Thank you for your information. I wonder if my workflow would be different given that I am animating a single image. I am making an Instagram reel and using a very large image with an aspect ratio of approx. 3:1. I start out showing the entire image so it fills the frame from side to side, at 12% scale, then zoom in so that it fills the frame from top to bottom, at 38% scale. I then pan from left to right across the image and can see the anchor point moving, eventually it leaves the screen entirely. I want to pan to sections of the image, then zoom briefly in, then repeat that in other areas. I want the zoom to be dead on. What I am experiencing instead is "drift," with the image both panning and zooming. I thought if I left off a position keyframe for the 2nd set of keyframes and only increased the scale, the image would only zoom but that's not happening. See screenshots below showing the image at the 1st set of keyframes and at the 2d - the man's face is no longer centered, but towards the left side of the frame. What's happening here? Without putting in a position value, is the zoom using the acnhor point as a reference? If so, how do I change it, and how do I know what to change it to? Many thanks.

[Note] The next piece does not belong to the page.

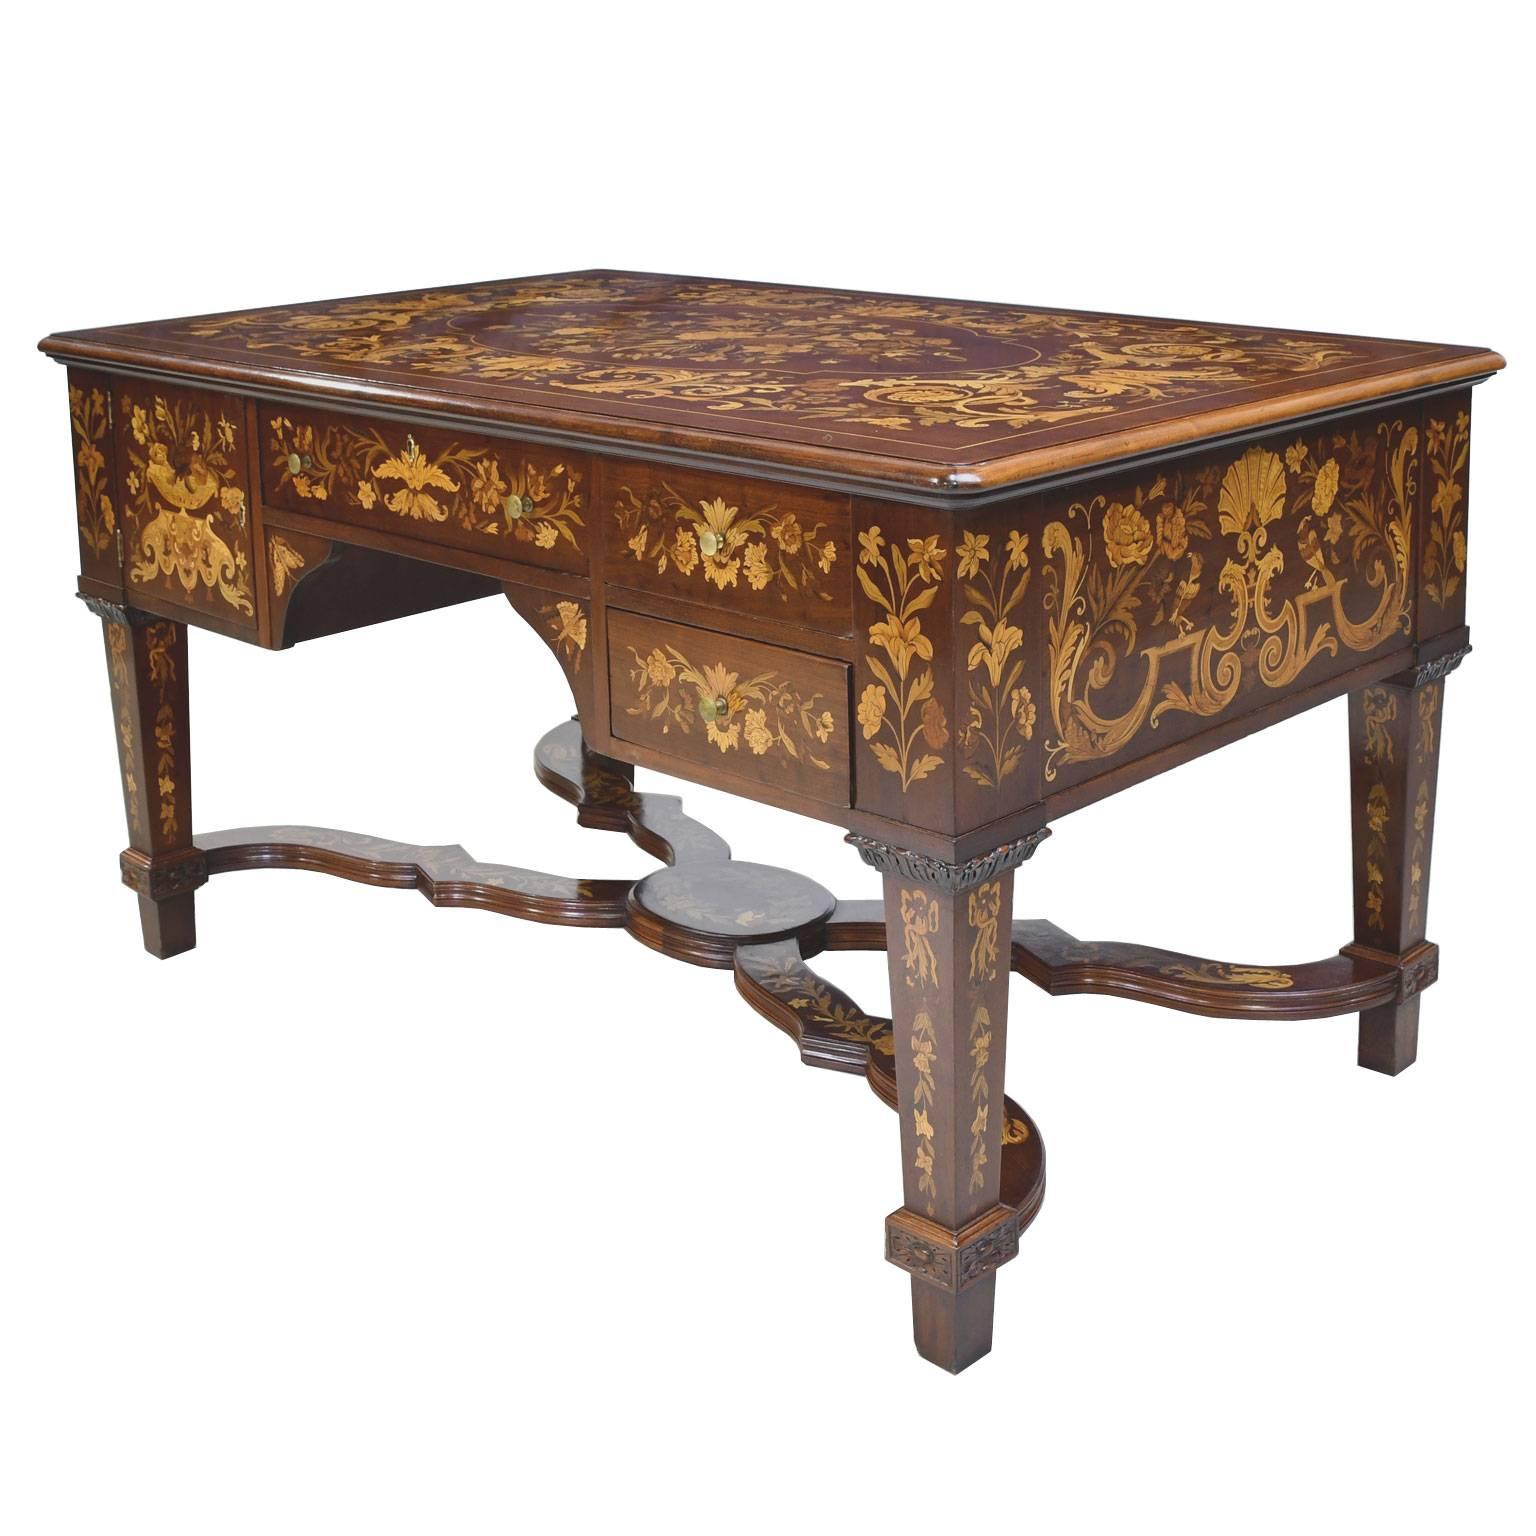 An exceptionally beautiful & functional Belle Époque partners' desk in mahogany that is identical on both sides, with working drawers & cabinet doors. Marquetry is on all surfaces, including cross stretcher on bottom, & features decorative inlays in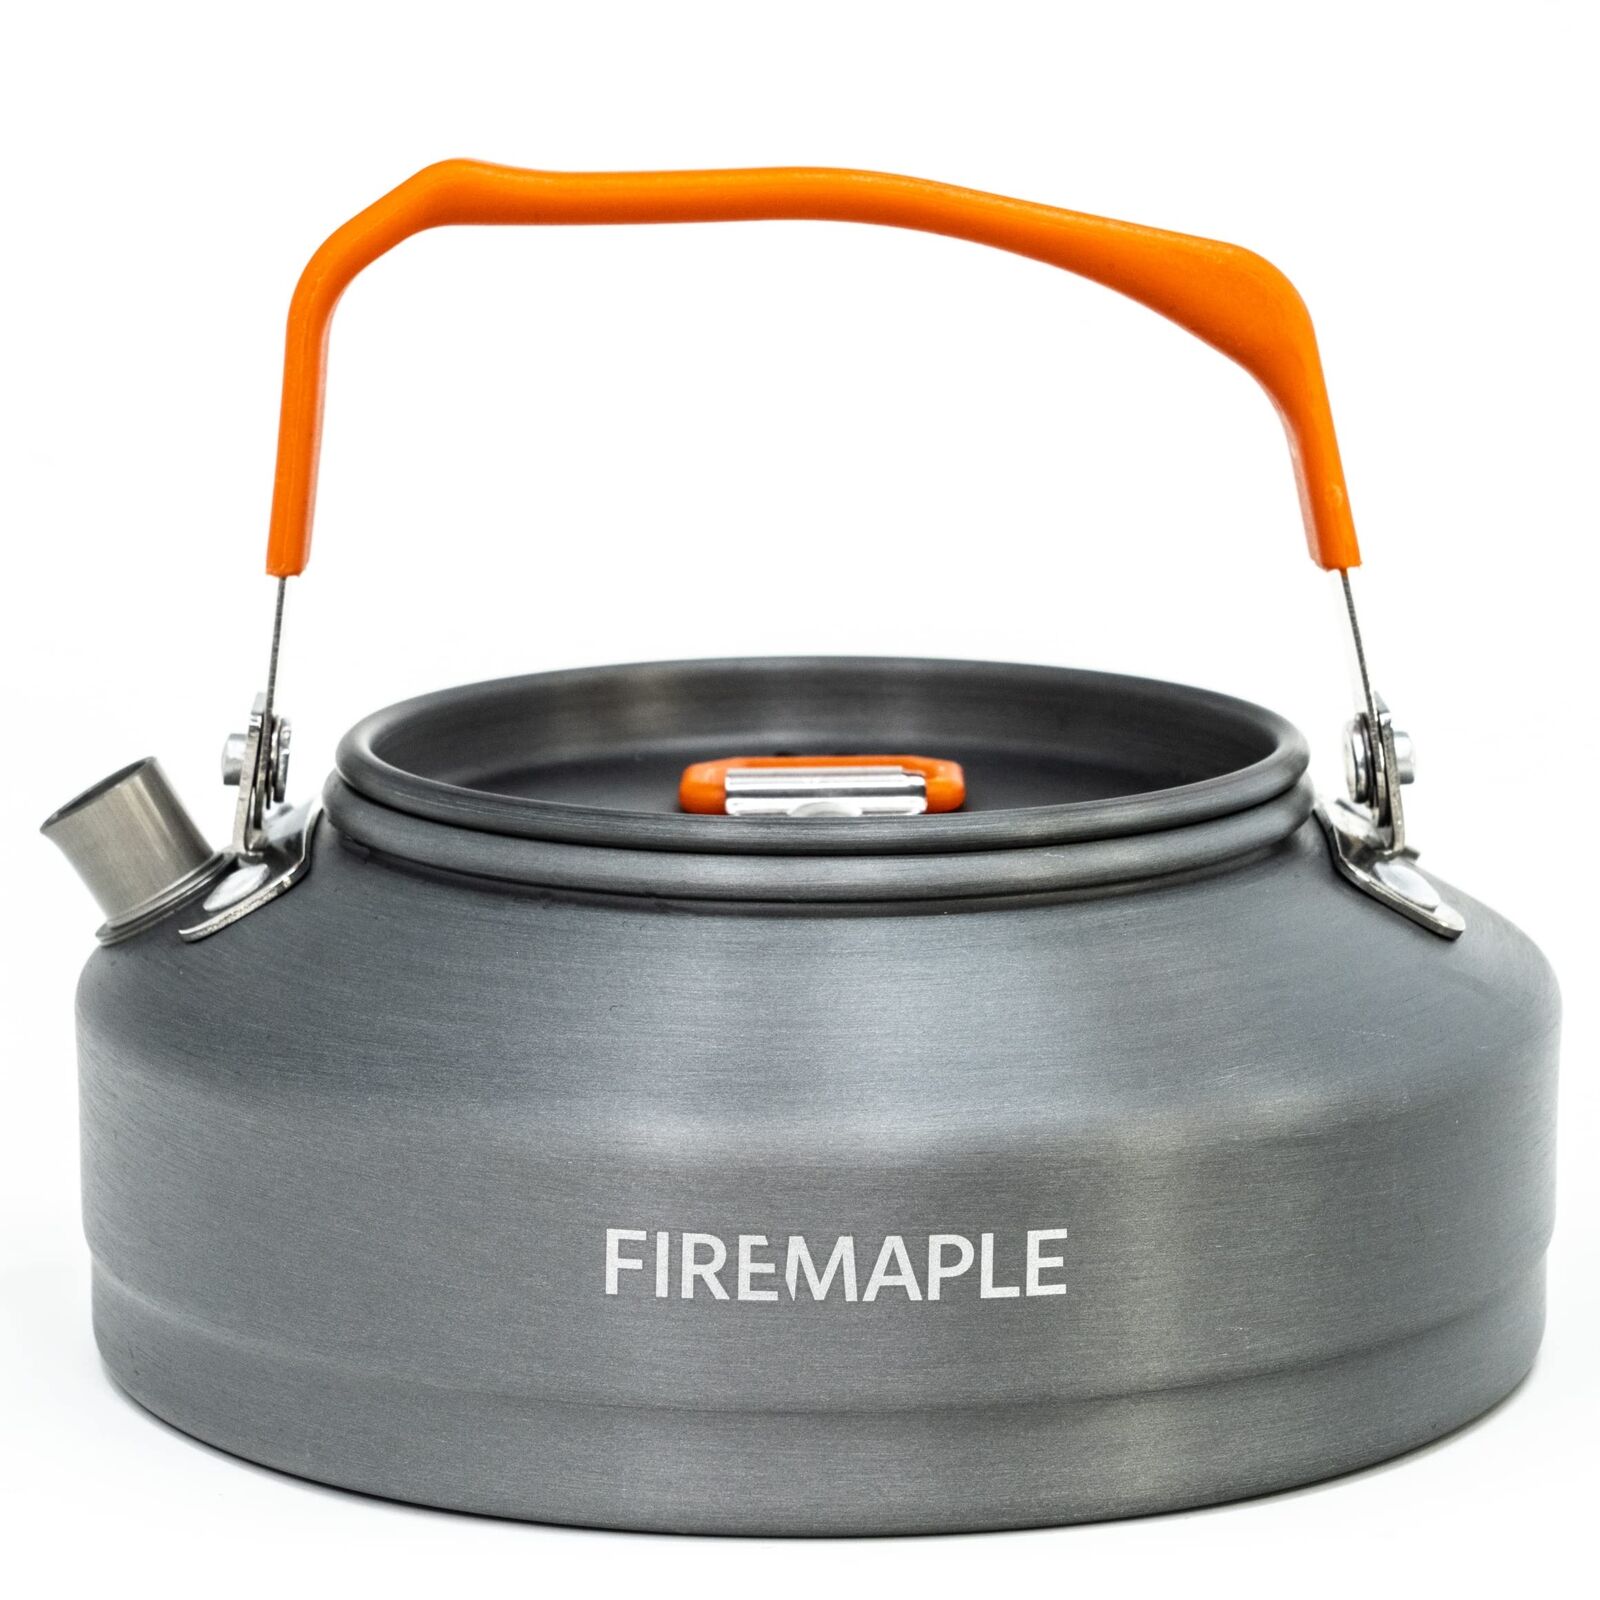 Fire-Maple Aluminum Outdoor Kettle Camping Compact 0.68Pound gray

Thanks to Larry Jordan, I now know that I can't achieve the desired effect using a single clip. Rather, if you want to zoom into the middle of a section of a larger clip, you need an acnhor point set to the middle of that clip, which is not where it will be for the larger clip. So I created a new clip, aligned the master clip to it at the point where i want to start zommin in, using the detail clip to zoom in on. It was a lot easier than it sounded and the results were quite good, but did take some work.